- [What is needed]:
At the line with "Furla Diamante Mini Bag - Blue トートバッグ", start transcribing; stop after the last line of the data below. Keep it exact and leave pictures out.
[Data shown Boundary: Start]
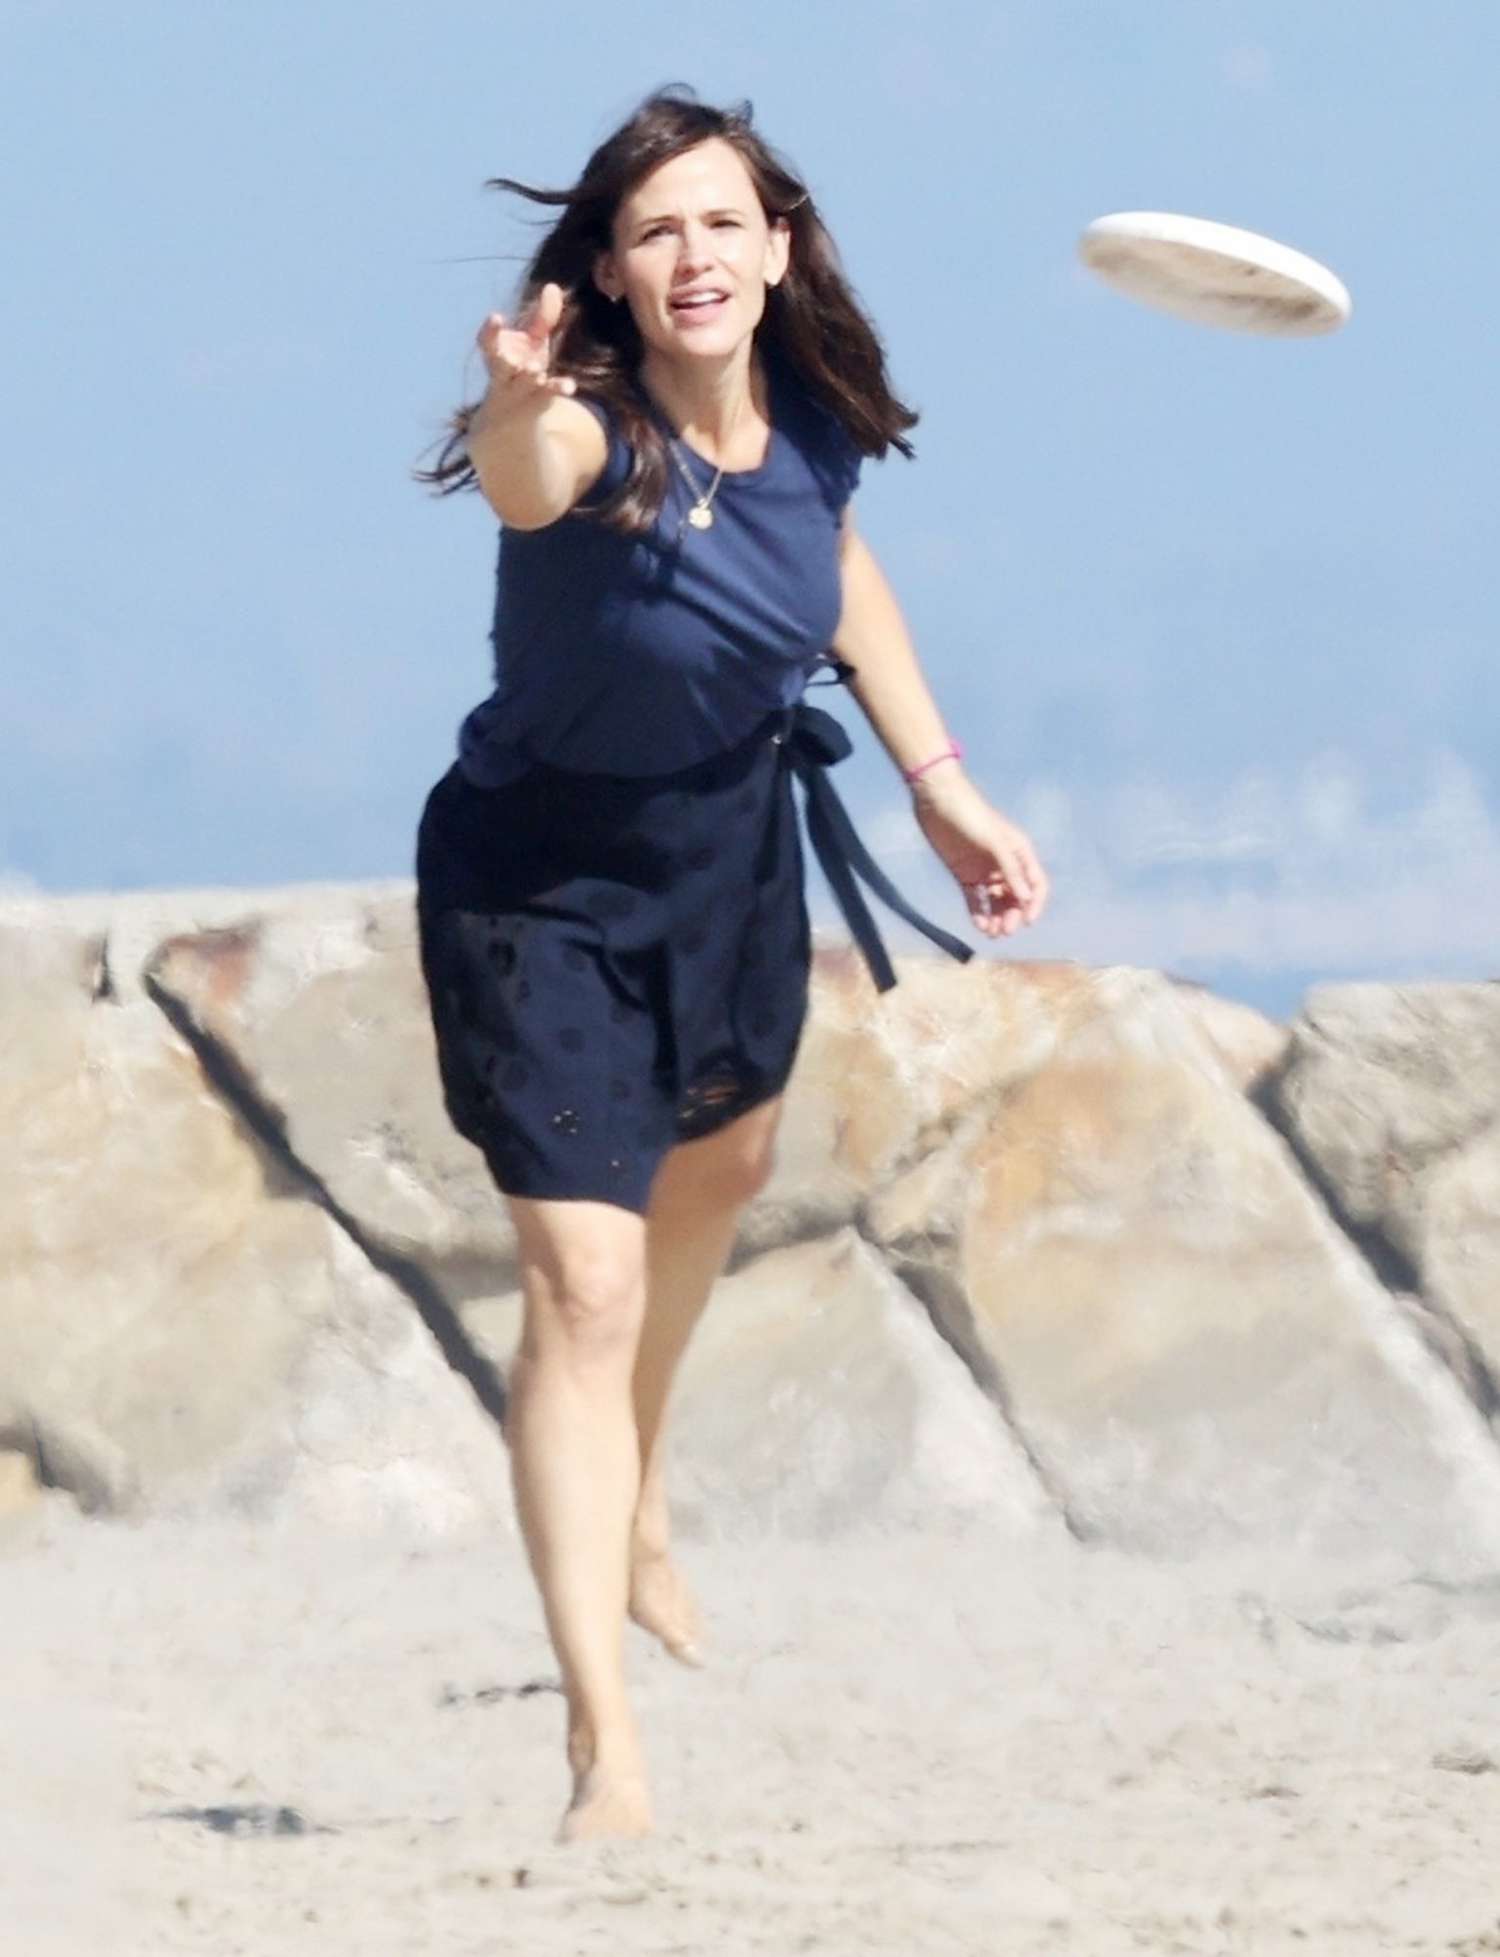 Jennifer Garner plays frisbee on the beach with a friend.
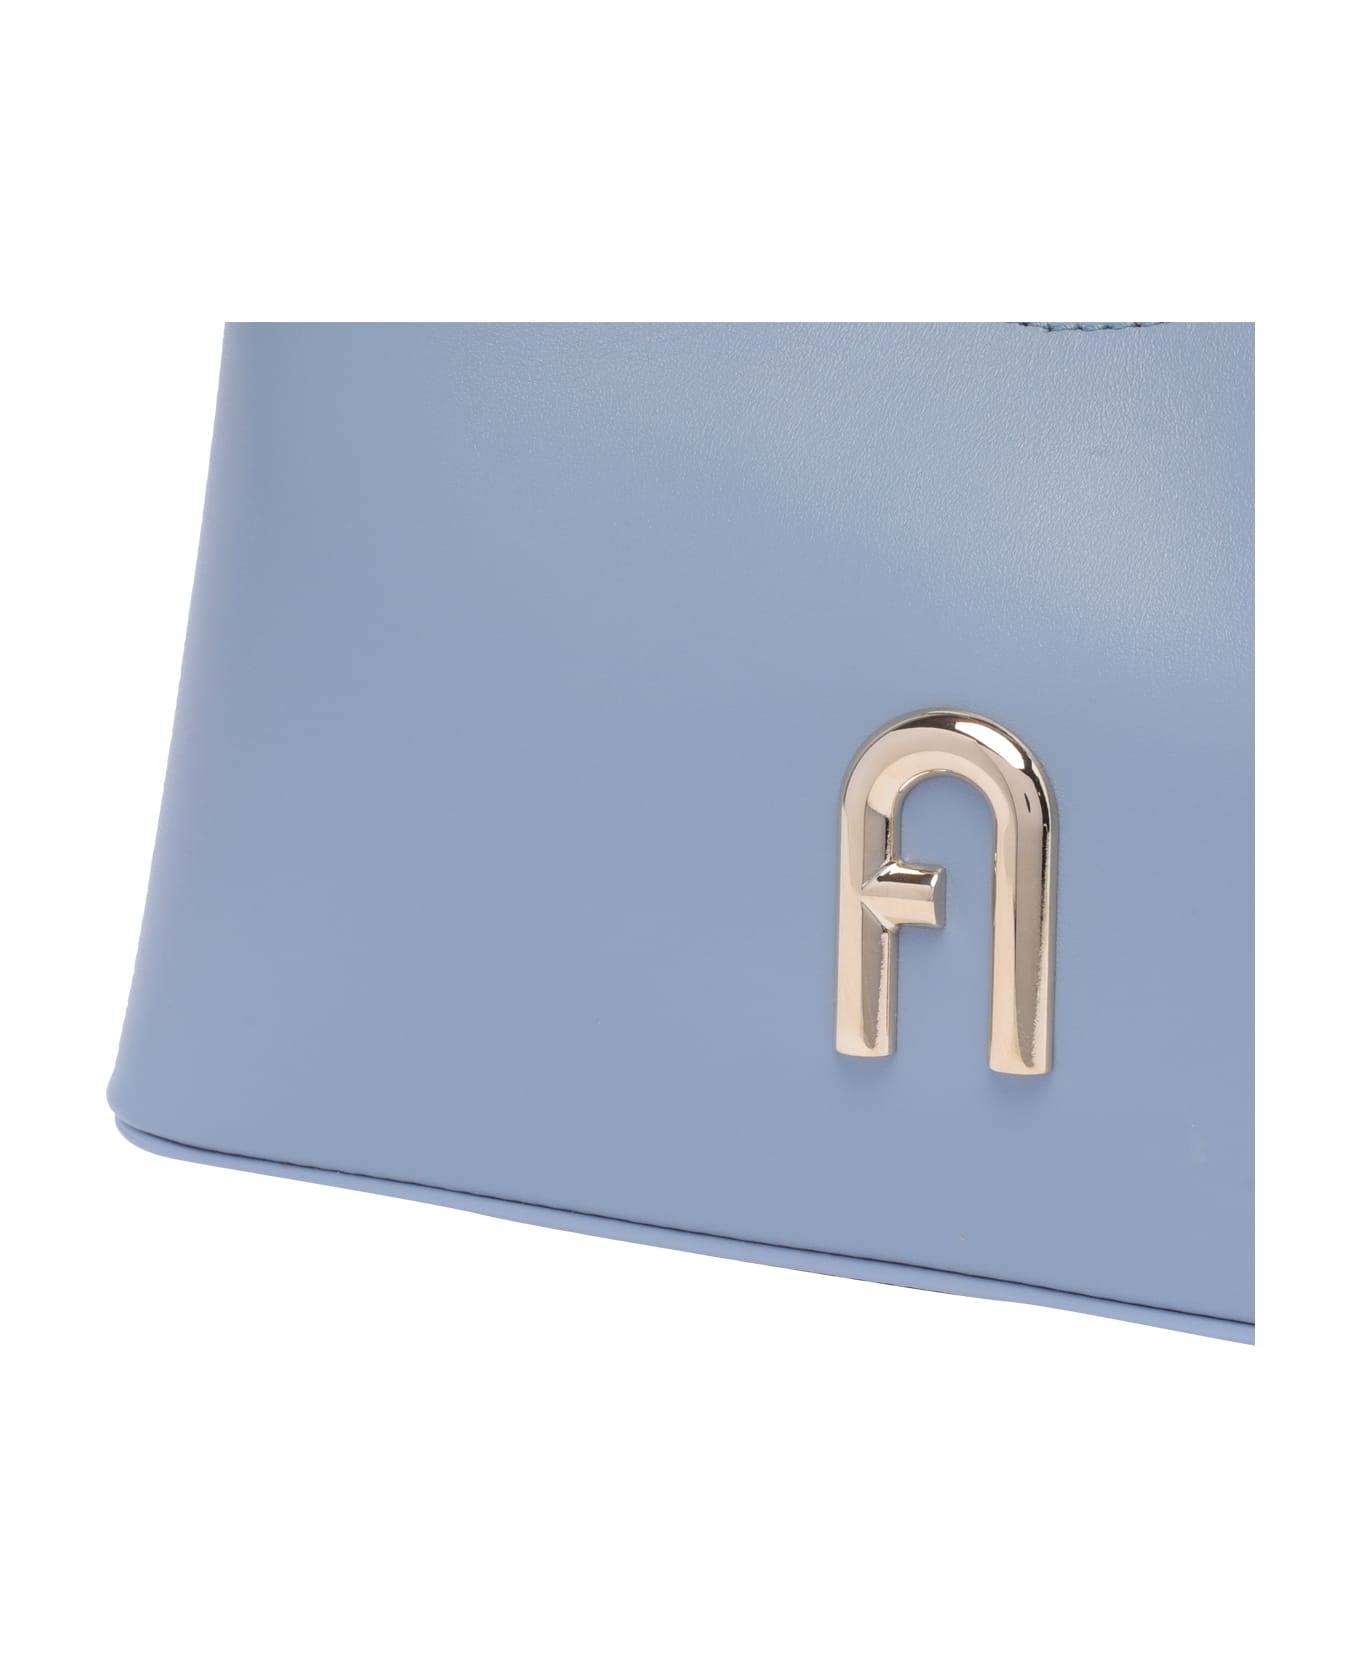 Furla Diamante Mini Bag - Blue トートバッグ
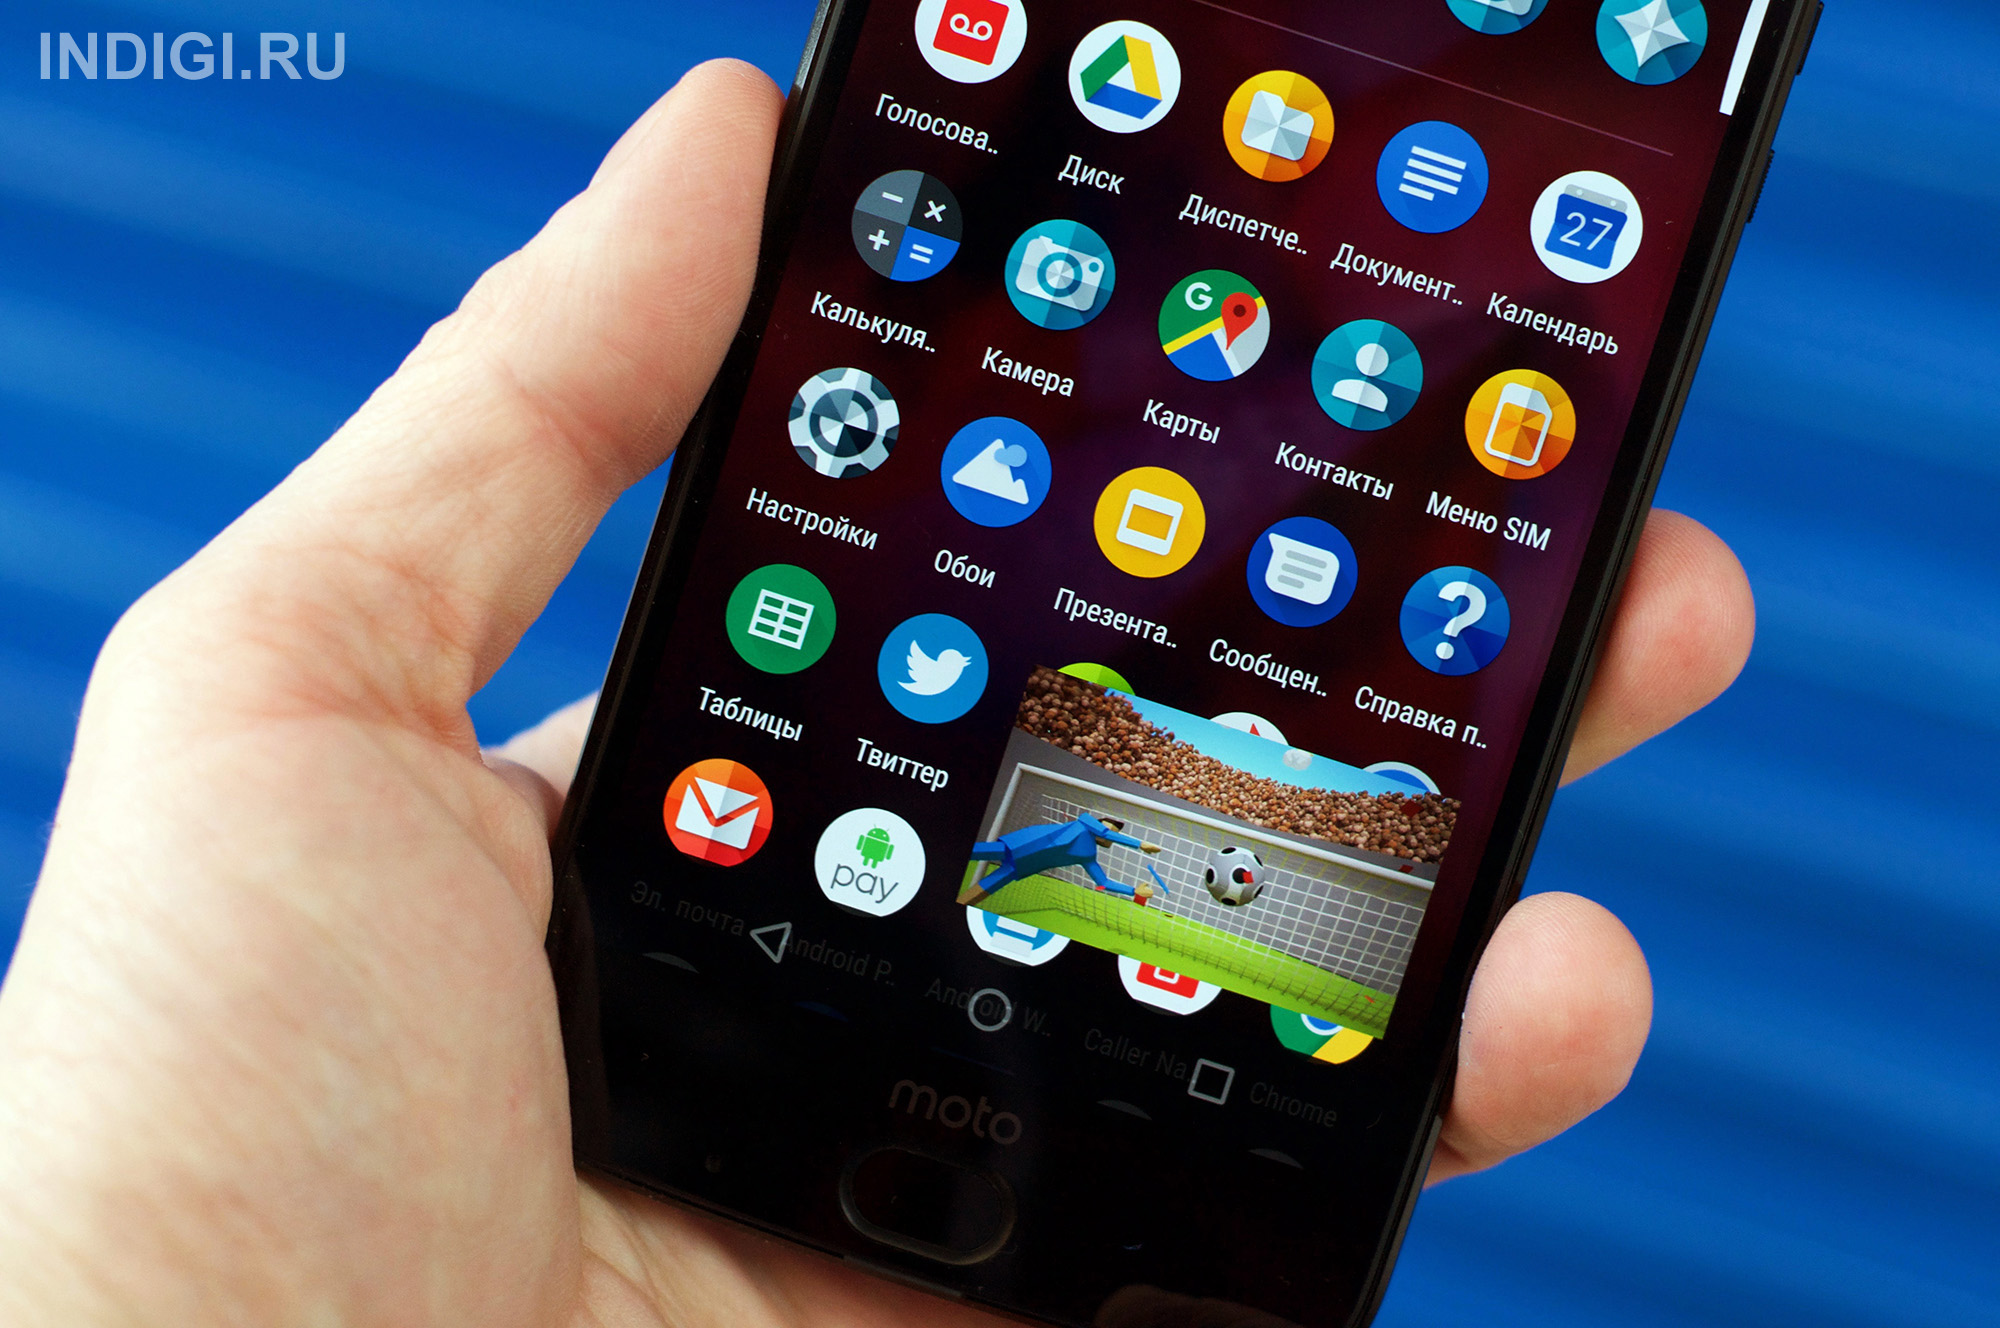 Новый android 8. Android 8. Андроид 8 Орео. Android Oreo 8.0.0. Android Oreo 8.1.0.
[Data shown Boundary: End]
- [Finished task]:
 Furla Diamante Mini Bag - Blue トートバッグ
 Новый android 8. Android 8. Андроид 8 Орео. Android Oreo 8.0.0. Android Oreo 8.1.0.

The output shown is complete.